Gandhi went to the restaurants (there was another called The Porridge Bowl) to eat but started getting interested in the ideas he found there. He made a friend in Dr Josiah Oldfield, the editor of the journal of the London Vegetarian Society who encouraged the shy young Indian to meet people through vegetarianism — one was Sir Edwin Arnold, the translator of the Gita, which Gandhi had just started reading — and also to contribute his first published works, on Indian vegetarianism, to the journal.

Another vegetarian contact in London was the Gujarati writer Narayan Hemchandra. He had arrived in the UK recently, but spoke no English and sought out Gandhi to help him communicate — and find food. But when Gandhi offered him Westernised food like carrot soup Hemchandra turned up his nose. He insisted he needed dal and “once he somehow hunted out moong, cooked it and brought it to my place. I ate it with delight.” Hemchandra was unapologetically Indian, even wearing a dhoti in the street, despite being jeered at, and his self-confidence in his own identity was to have a profound influence on Gandhi.

Gandhi’s link with the Vegetarian Society continued in South Africa. He became their agent to promote vegetarianism there and, while converts were few, people were generally interested enough to hear the young Indian talk passionately the subject, and this helped Gandhi overcome his shyness. And it was at a vegetarian restaurant in Johannesburg that he met Henry Polak and Hermann Kallenbach who would both become vital early supporters of his work.

Looking back on those years, while writing Satyagraha in South Africa in 1926, Gandhi wrote: “I have been fond for about the last 35 years of making experiments in dietetics from the religious, economic and hygienic standpoints. This predilection for food reform still persists.” South Africa was where Gandhi started living in a commune, and for the rest of his life would live in a revolving community of people, many of whose diets he supervised in an extended experiment on eating.

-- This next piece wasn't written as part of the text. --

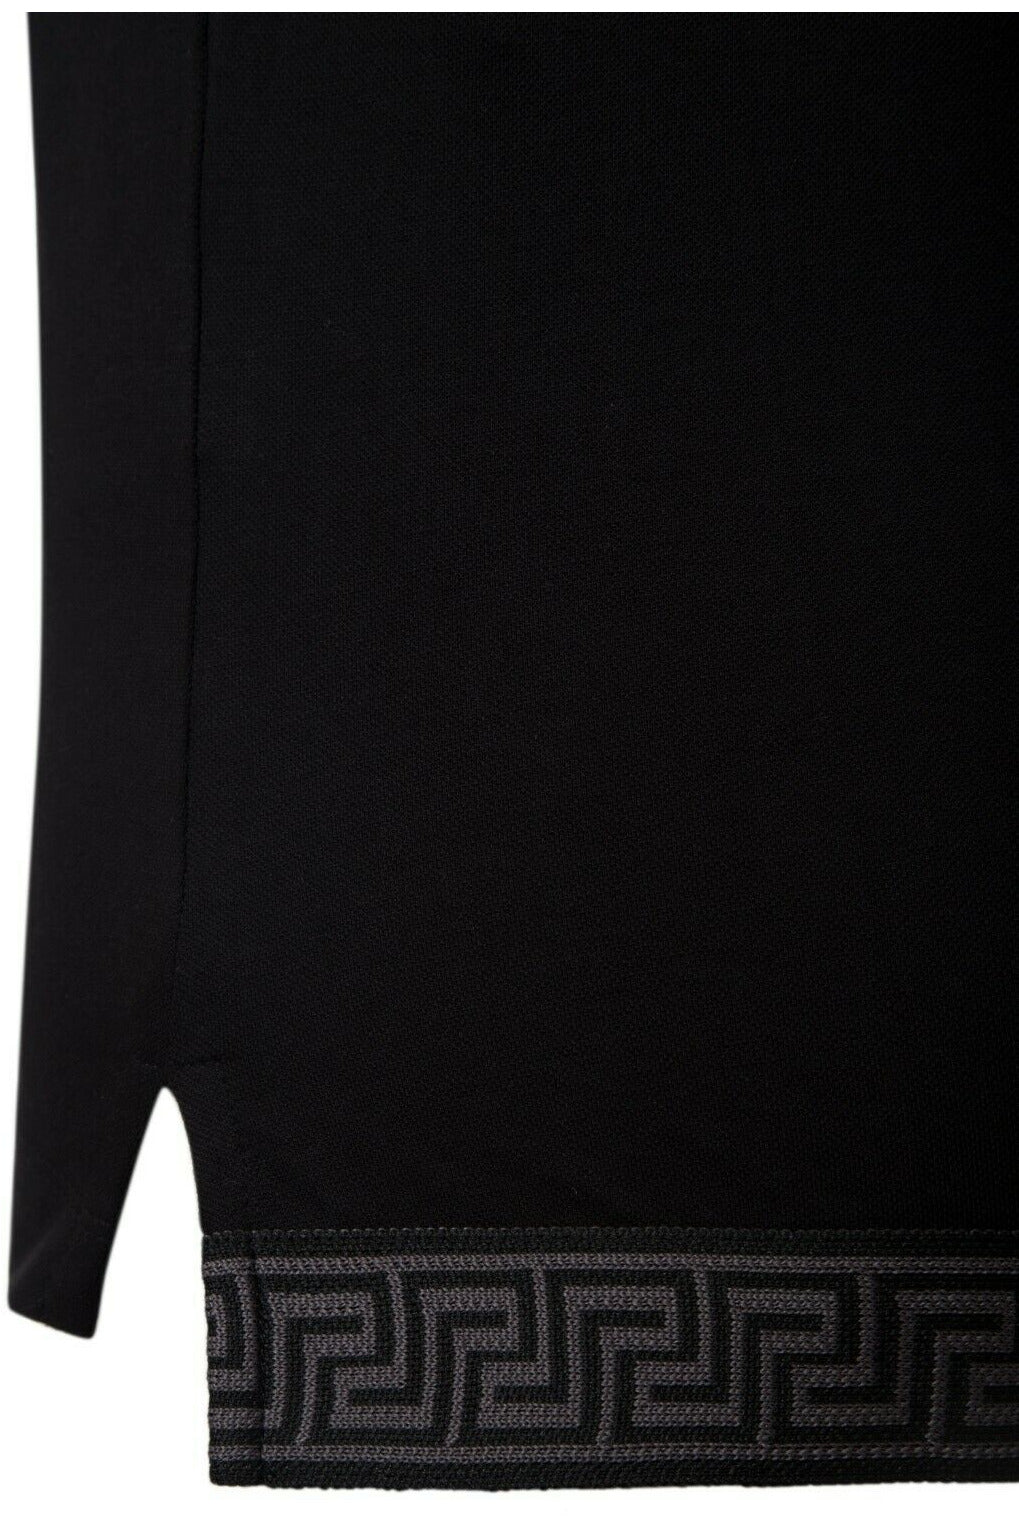 Versace Men Black Polo Shirt  Material Cotton

It is startling how much food features in Gandhi’s collected works. He can be writing to the Viceroy or Congress politicians, and the next letters might be instructions to a follower on what to eat, requests to procure the fruit and leafy greens that formed a large part of his diet or suggestions on how to promote village foods, like oil crushed in traditional ghanis. Gandhi was keenly interested in British attempts to improve Indian agriculture and also corresponded with Dr Robert McCarrison, Director of Nutritional Research in India who was doing pioneering work on nutritional deficiencies in diets.

Visitors often ended up talking about food, like Paramahansa Yogananda, author of Autobiography of a Yogi, who recommended avocados to Gandhi (and sent him seedlings from California, but they all died on the way). All this interest was strictly on food as fuel for a healthy body, and most visitors also noted how dire the food served in Gandhi’s ashrams tasted. One of the few to say this was his grand-daughter Ela who once told him in exasperation that Sevagram should be called Kadugram since all they seemed to eat was pumpkins. Gandhi laughed and gave instructions for different vegetables to be cooked.

This fascination with food might make it seem odd that Gandhi is famous for his extended fasts. But these extended periods of food denial are extensions of his basic interest in feeding. Gandhi knew that food, like clothing, was one of the few essentials for humans and that gave anything to do with it power. Wilfully refusing to eat affirmed that power, and even just fasting for a fixed time was a kind of self-purification for him.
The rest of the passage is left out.